DATASET CONTENT:
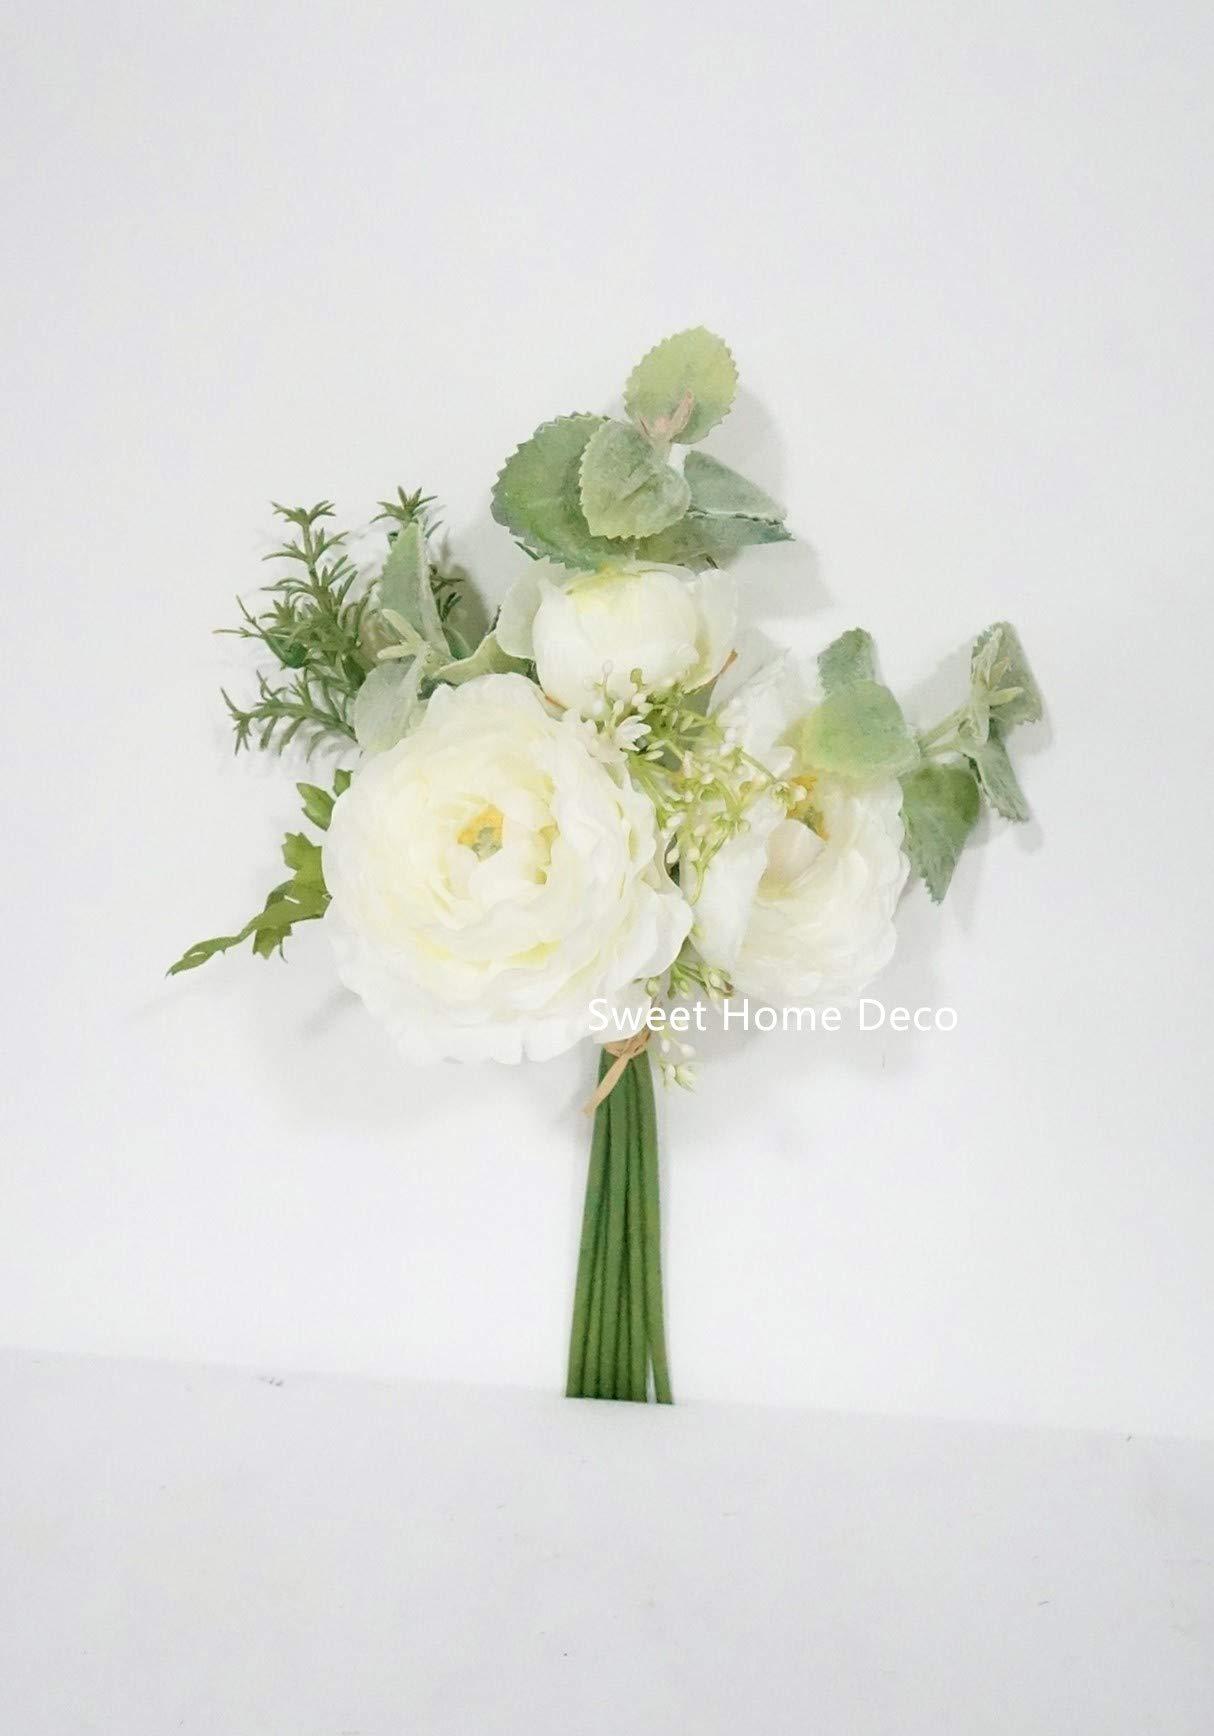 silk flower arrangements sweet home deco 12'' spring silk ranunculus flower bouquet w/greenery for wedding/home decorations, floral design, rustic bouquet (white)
---
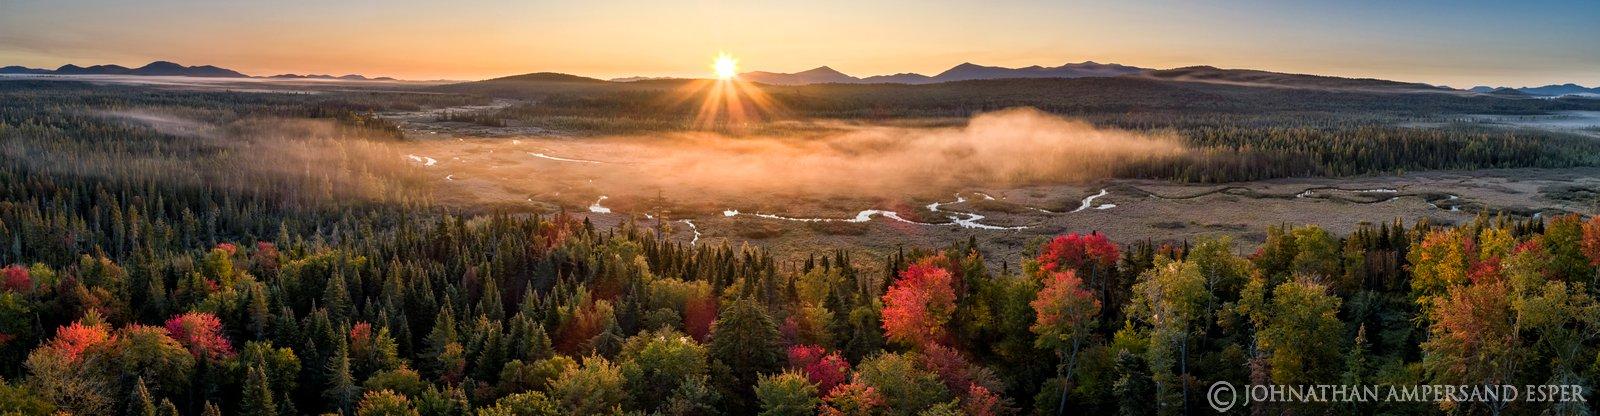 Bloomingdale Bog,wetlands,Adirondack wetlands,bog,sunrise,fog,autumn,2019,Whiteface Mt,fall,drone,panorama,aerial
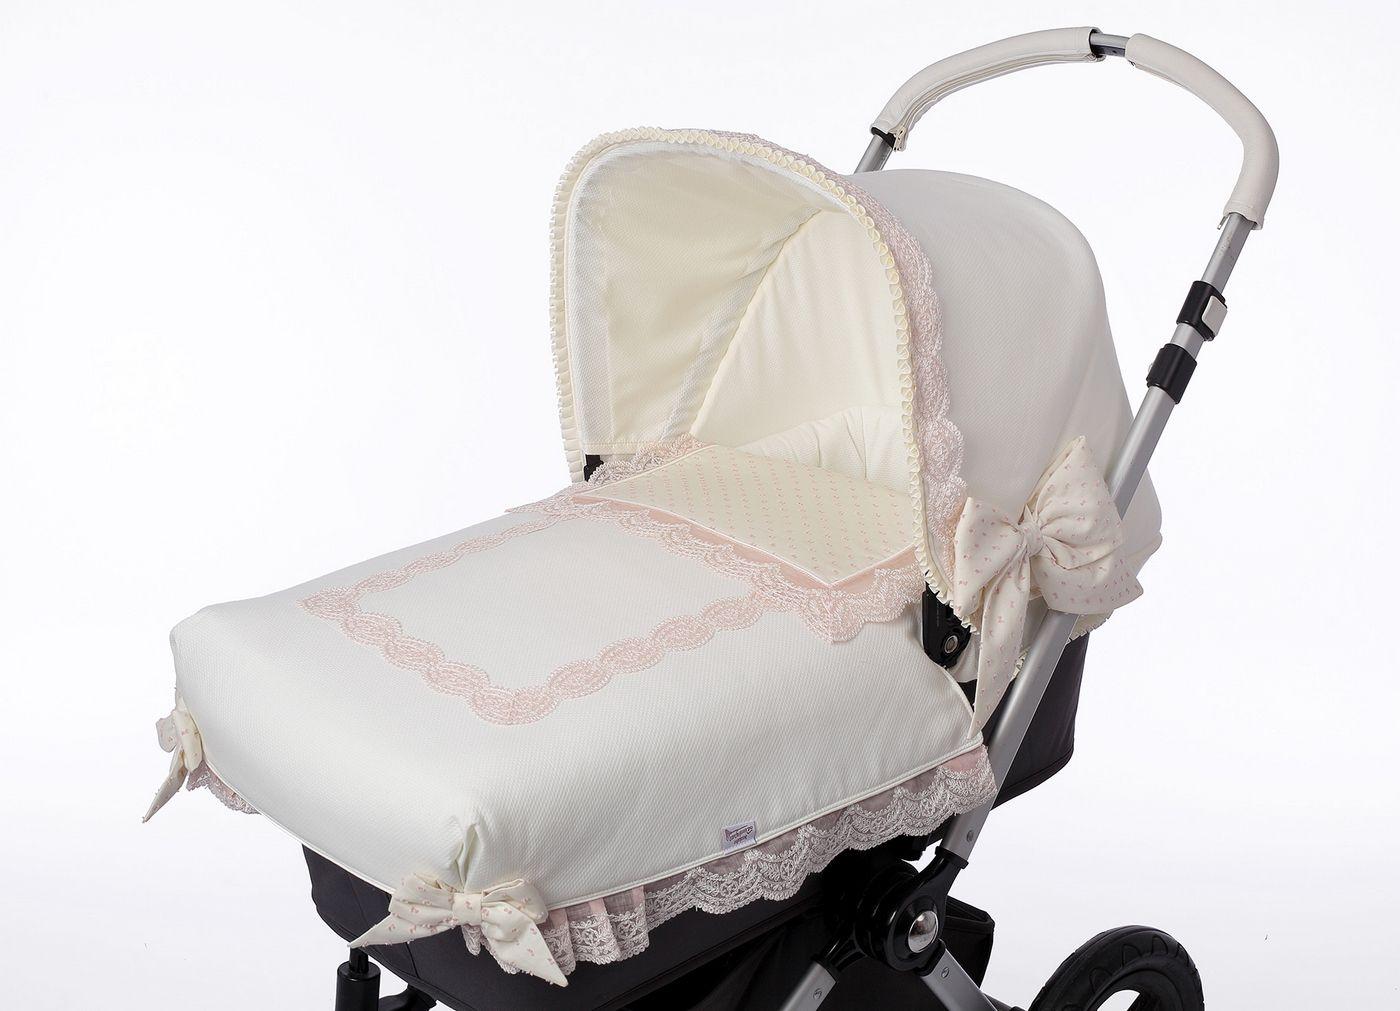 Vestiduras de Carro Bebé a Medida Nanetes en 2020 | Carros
---
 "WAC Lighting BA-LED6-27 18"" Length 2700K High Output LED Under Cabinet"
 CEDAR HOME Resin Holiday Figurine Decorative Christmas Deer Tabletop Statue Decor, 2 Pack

WHAT THE TASK ASKS:
Going down the listing above, begin printing at the line with "Length 2700K High" and finish with the line with "CEDAR HOME Resin", exactly as they appear.

EXERCISE SOLUTION:
 "WAC Lighting BA-LED6-27 18"" Length 2700K High Output LED Under Cabinet"
 CEDAR HOME Resin Holiday Figurine Decorative Christmas Deer Tabletop Statue Decor, 2 Pack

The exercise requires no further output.